A project log for Germanium ECL

How fast can germanium transistors compute ? And how much current will that draw ?

yann-guidon-ygdesYann Guidon / YGDES 12/26/2016 at 21:024 Comments

The question of soldering the pins raises the issue of thermal damage, so I looked at the fabrication of the "mesa" type of transistor. I have found quite a lot of informations (thank you Google) but nothing beat "looking by oneself". So I opened on transistor and struggled to make a suitable picture, without dedicated tools...

The wires are really thin ! And they meet at almost the same place, it's hard to distinguish even with optical help...

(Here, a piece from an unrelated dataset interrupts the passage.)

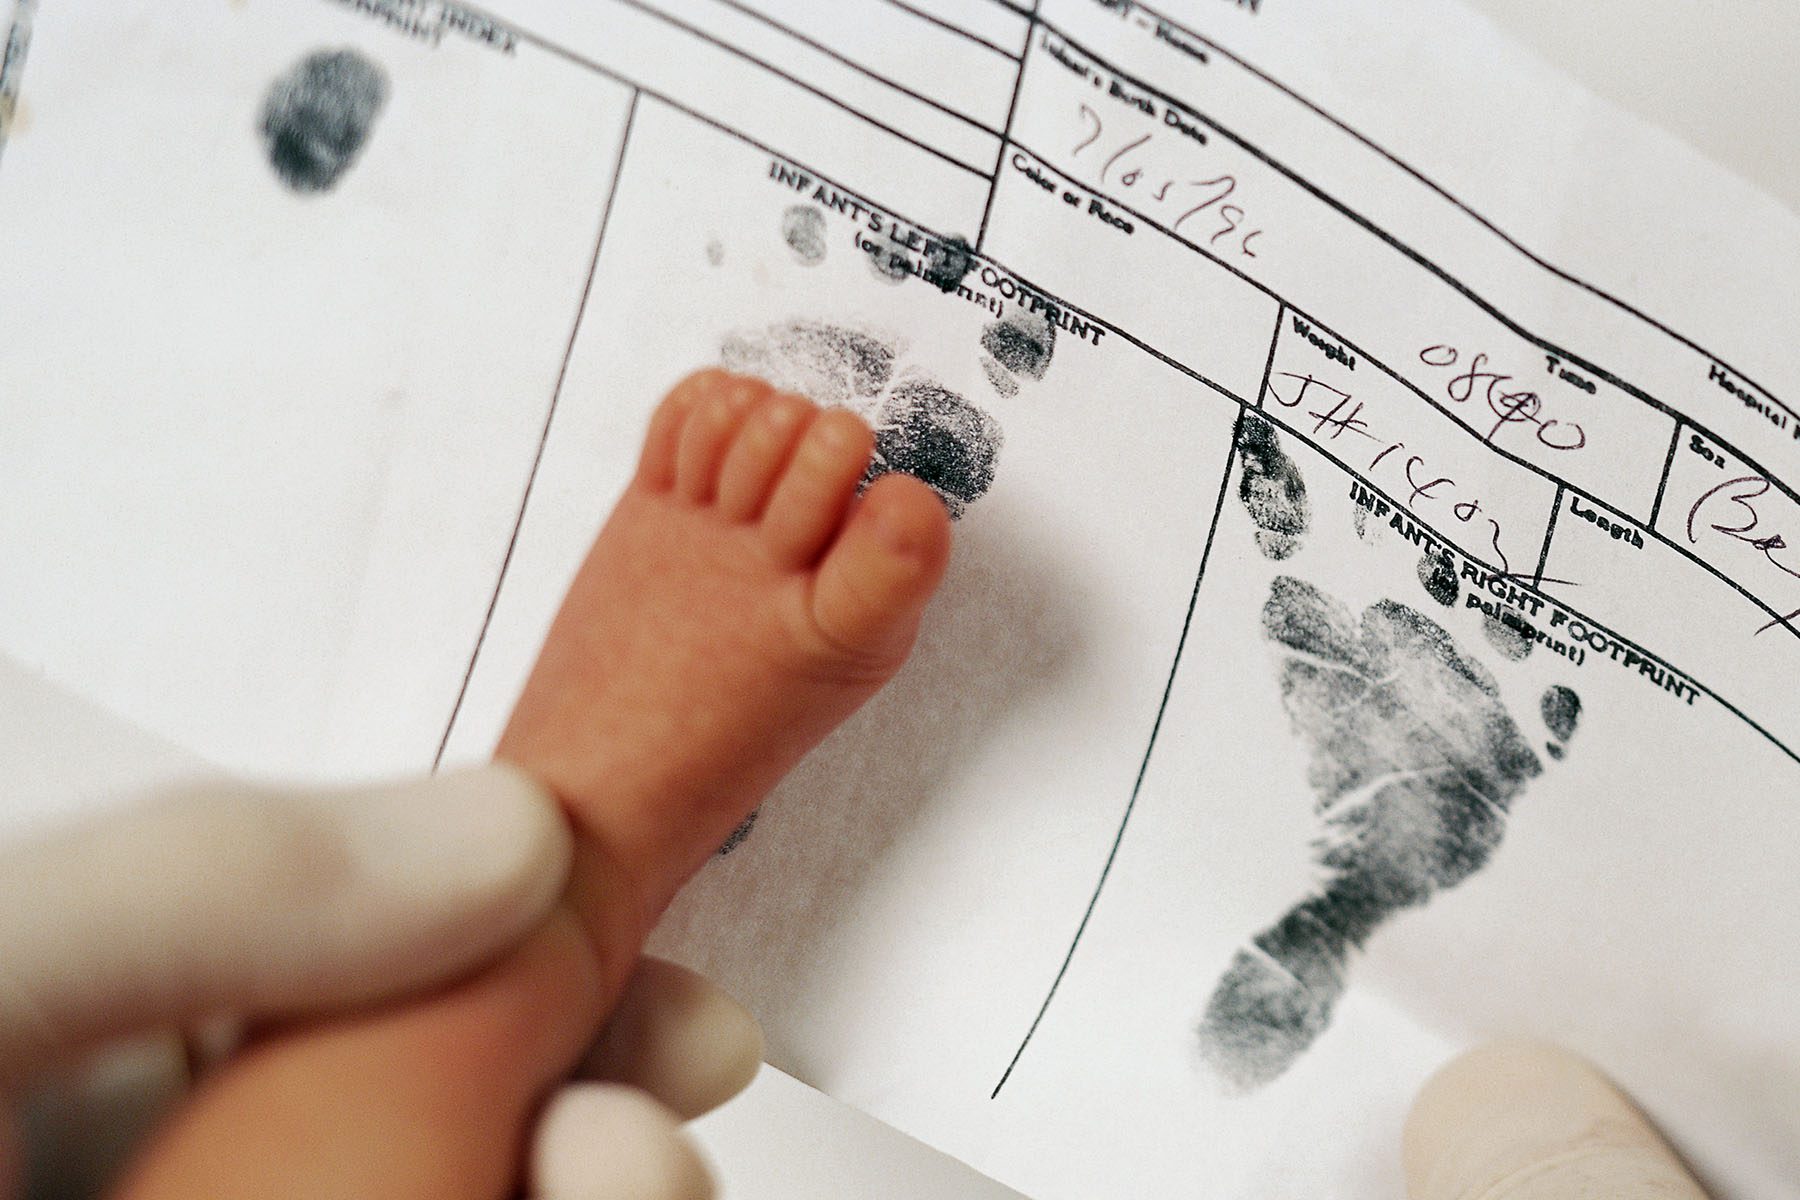 Footprint of a child on a birth certificate.

There are 2 wires, connected to 2 pins. I believe that other than mechanical stress, it's fine during soldering. The wires are straight and can break but the heat might not travel enough through it.

The other two pins are a different story. The "can" pin (who can tell me where to solder it ???) can take the heat but shoudn't get too hot, for many reasons.

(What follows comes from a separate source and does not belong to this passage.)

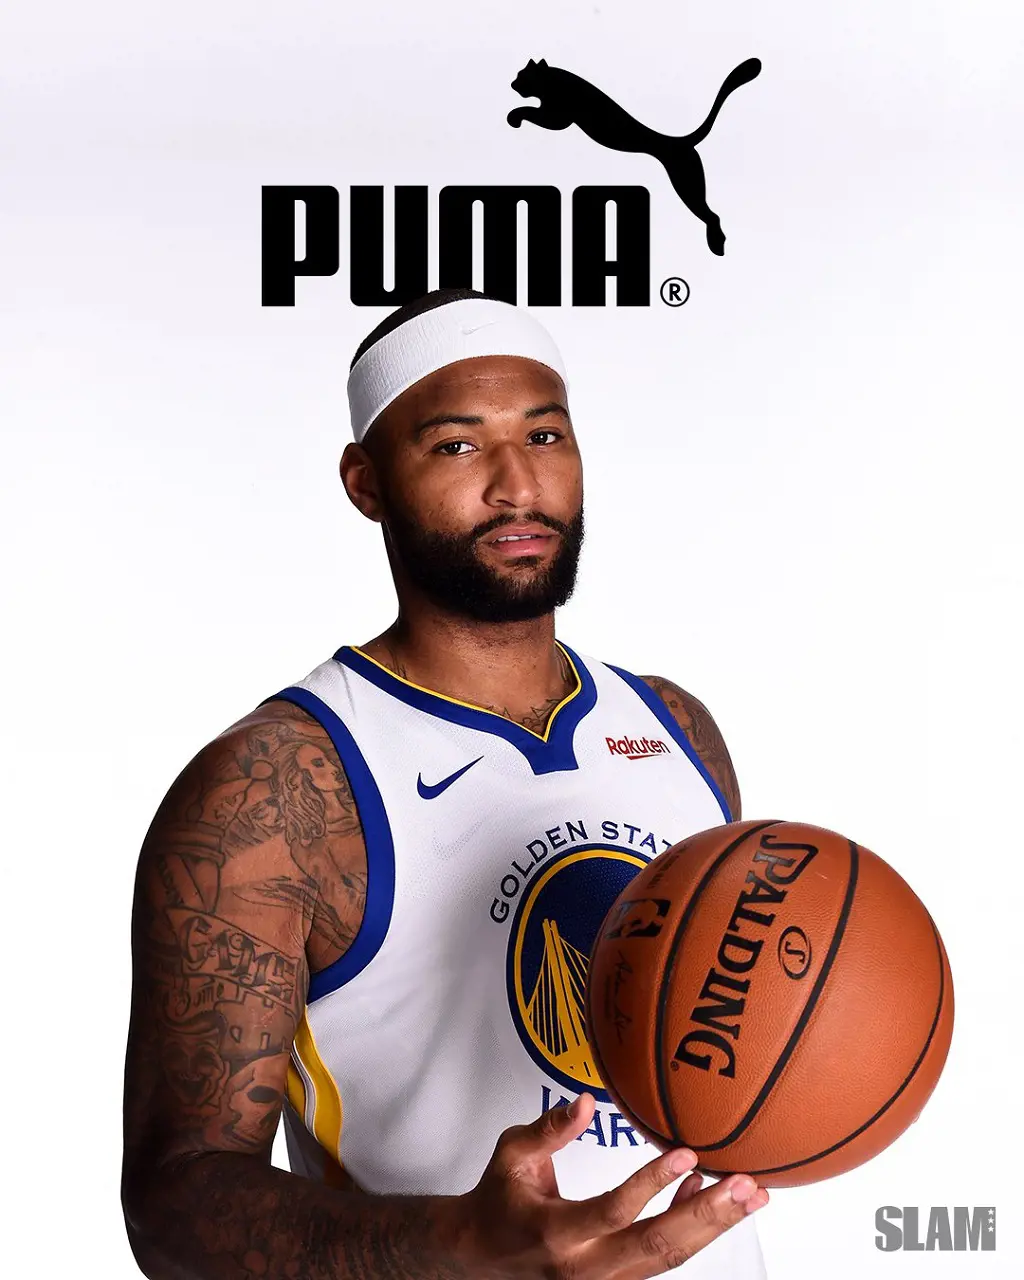 Cousins signed a lucrative deal with Puma after their relaunch of basketball shoes.

The fragile part is the collector (?) : it's the slice of germanium that is directly bound to a pin, and that might propagate the heat to the whole semiconductor. This is the pin to protect with a thermal clamp while soldering...

I broke a few parts but this analysis should help me avoid damage during assembly.

And i still don't know what should be connected to the "package" pin...

Discussions

Ted Yapo wrote 12/26/2016 at 23:07 point

If the case is electrically isolated from the device, why not just connect it to your reference potential (ground)?  That way, it isolates the terminals from each other and the rest of the universe.

I wish more devices came with isolated cases and/or heatsink tabs - it makes it easier to arrange for thermal dissipation.  78xx are nice with the tab at ground, but 79xx are not. I usually screw that one up :-)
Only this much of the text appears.